2. Avesthagen’s Patent
Avesthagen, an Indian company had obtained a Patent on alleged traditional knowledge titled “synergistic ayurvedic/ functional food bioactive composition” with application no. 1076/CHE/2007. The patented invention was used for the treatment of diabetes, composed of 3 herbal composition jamun, lavangpatti and chundun. The patent was initially filed in the EPO (status to which was objected) which was challenged by TKDL, but Indian equivalent was not opposed. Subsequently, the Ministry of Commerce and Industry through TKLD revoked the patent under Section 66 via its notification of November 7, 2012.
In both situations the Government made sure that such revocation was for the interest of public at large and the same is not endangered due to grant of such patents. No cases of revoking a patent by the government during national emergency for drugs and medicines have been filed but there are other provisions in which the Government may utilise, manufacture and use such patents. A reference of the same is made below.
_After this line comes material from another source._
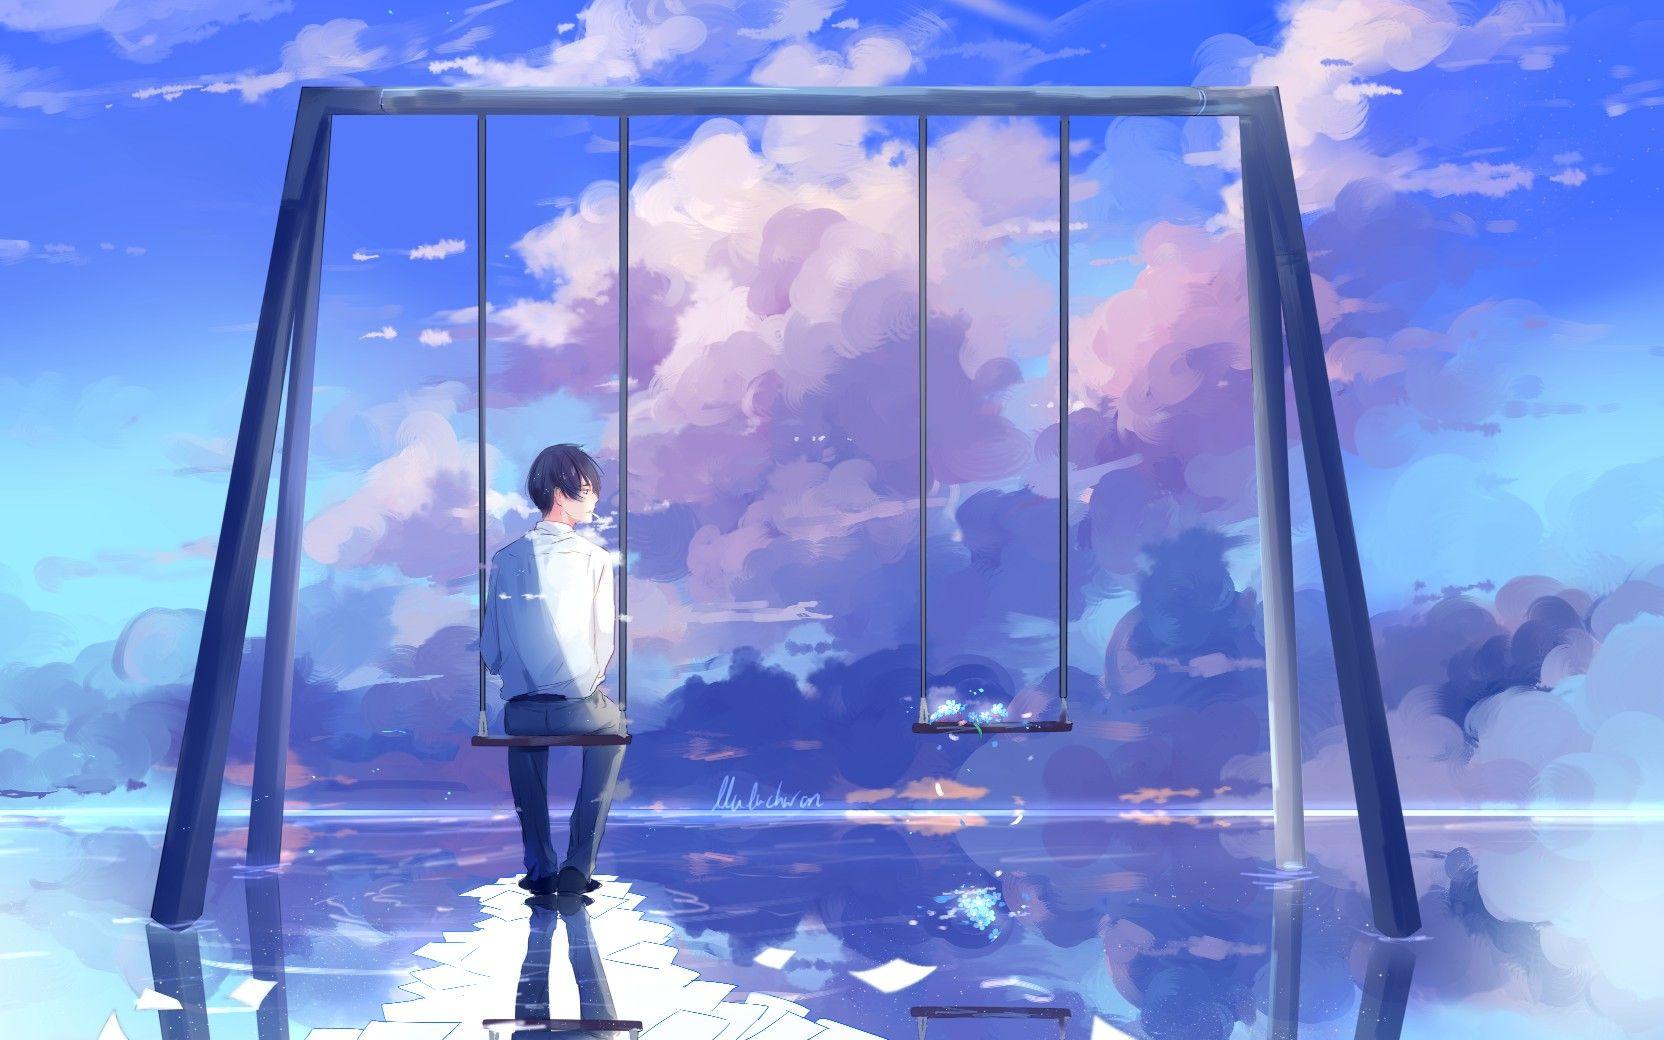 Anime Lluluchwan Art Animeboy Handsome Artist Drawings Anime Cover Photo Anime Anime Art Beautiful

Conditional grant of patent [Section 47]: This empowers the Government to import, make, use or distribute any patent with respect to any medicine or drug for its own purpose or for public health distribution.
Grant of compulsory licence [Sections 82 to 94]: Chapter XVI deals with the general principles and circumstances for grant of compulsory licences in order to protect public interest particularly public health and nutrition. These provisions check the abuse of patent rights. They can be invoked if the reasonable requirements of the public with respect to patented inventions have not been satisfied, and the patented invention is not available for public at a reasonably affordable price, and if the patented invention is not worked in the territory of India. Section 92 provides for action in case of national emergency, extreme urgency and public non-commercial use, and can be invoked without the grace period of 3 years from grant of patent. In India, the first compulsory license was granted to Natco Pharma on March 2012 for drug named Nexavar used for the treatment of Liver and Kidney Cancer patented by the German Drug maker Bayer AG.
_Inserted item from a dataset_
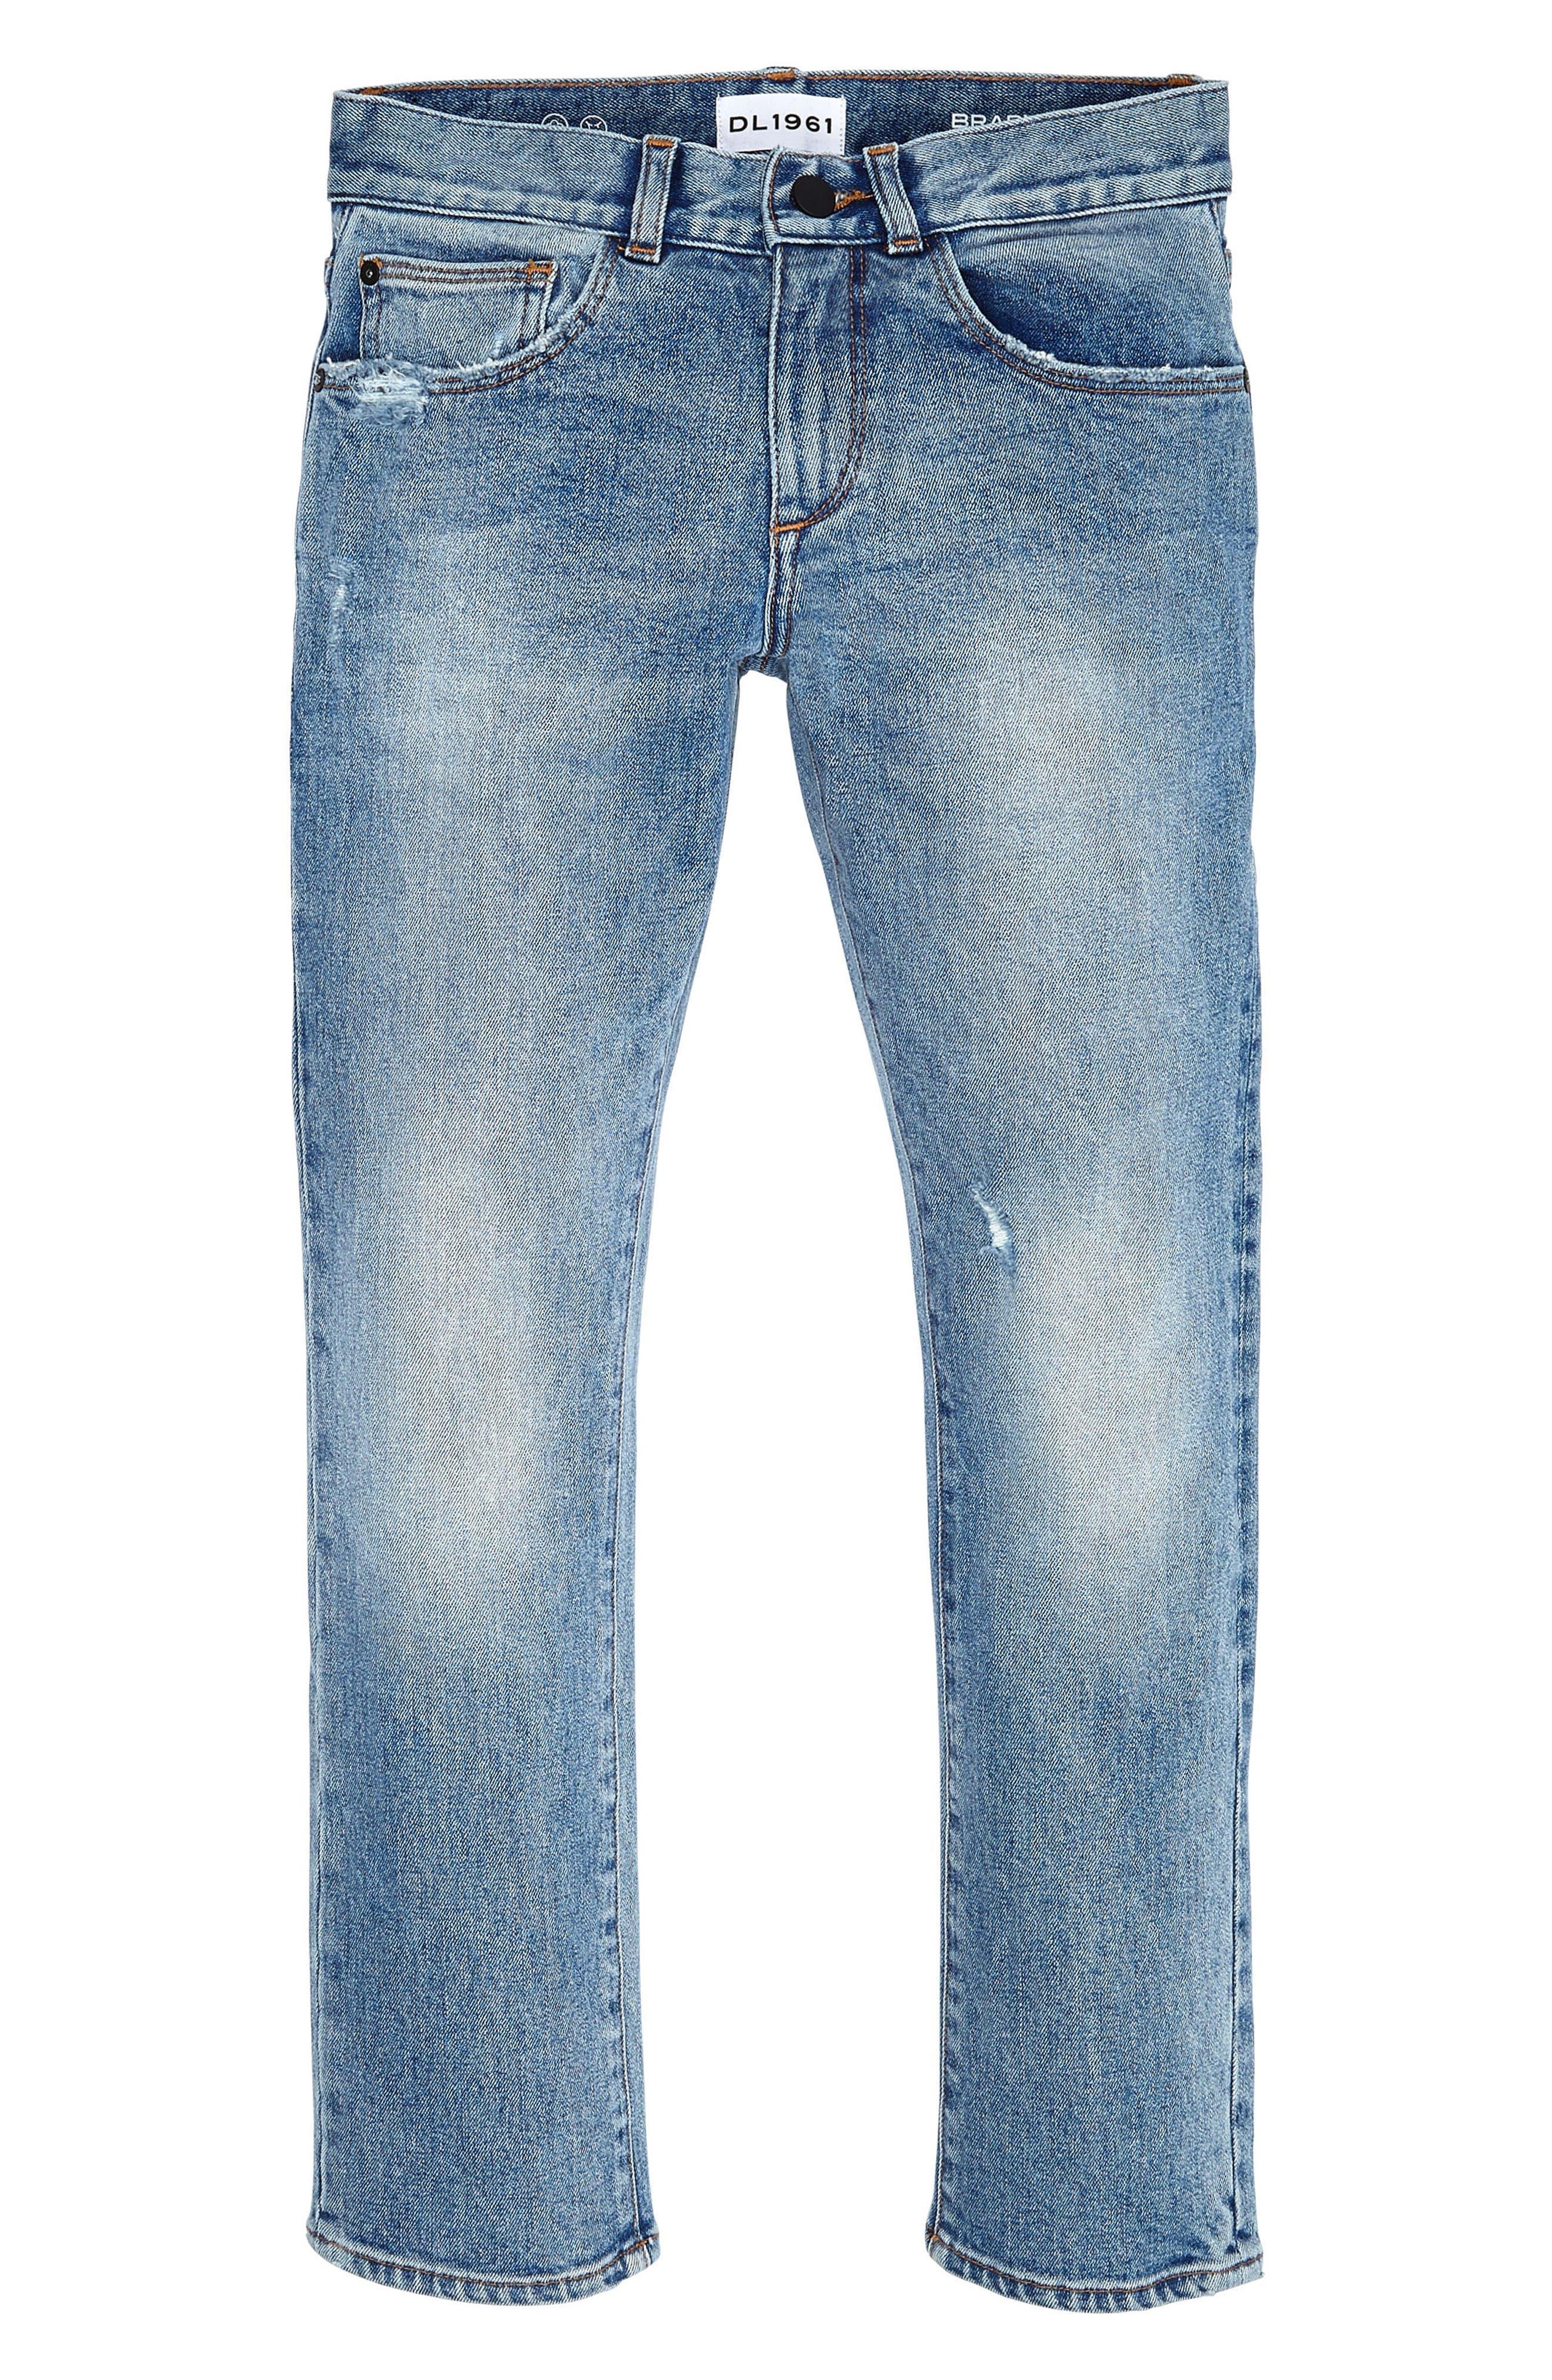 Brady Slim Fit Jeans,                         Main,                         color, Breathe

Use of invention for the purpose of Government [Sections 99-101]: These complements Section 47.
Acquisition of invention and patent for public purpose [Section 102]: This empowers the Government to acquire a patent to meet national requirements.
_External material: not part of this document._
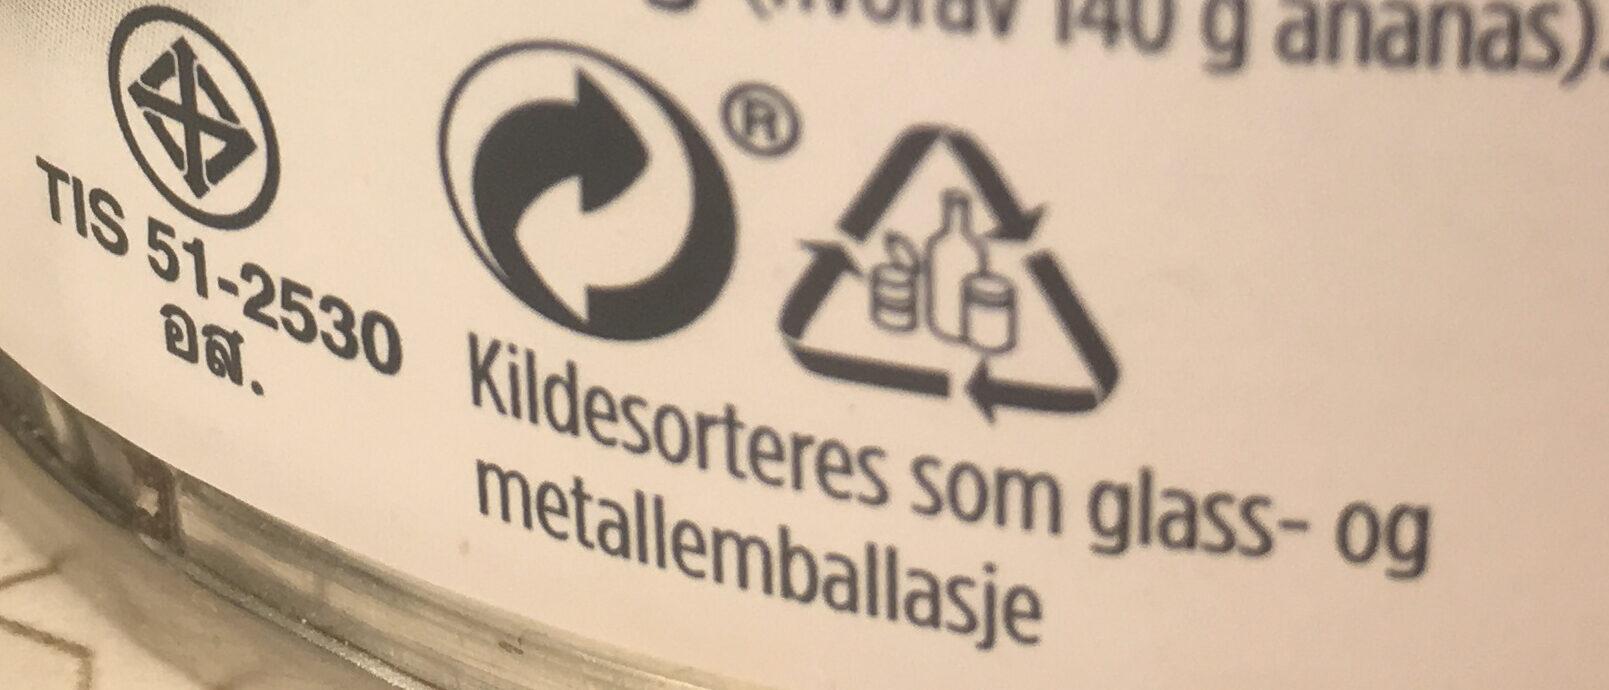 Ananas Biter i Juice - Instruction de recyclage et/ou informations d'emballage - nb

Bolar provision [Section 107 (A) (a)]: This facilitates production and marketing of patented products immediately after expiry of term of patent protection by permitting preparatory action by non-patentees during life of patent.
Parallel import [Section 107(A) (b)]: This provides for import so that patented product can become available at the lowest international price.
Although the Act confers the power on the Government of India to invoke above discussed provisions during national emergencies, it fails to specify the scope and ambit of such powers exercised by the Authorities. The modes of revocation or detailed factors amounting to revocation are not specified in the Act which may lead to judicial conflict or confusion. Further, Compulsory Licensing having requirement of public non-commercial use, lacks to interpret whether it is inclusive of national emergencies or is an individual criterion. In India, by taking advantage of the provisions under the Patent Act and TRIPS agreement, the government will be able to take proper measure to safeguard public health by utilizing lifesaving patent protected medicines, without the fear of facing international pressure to enforce patent rights.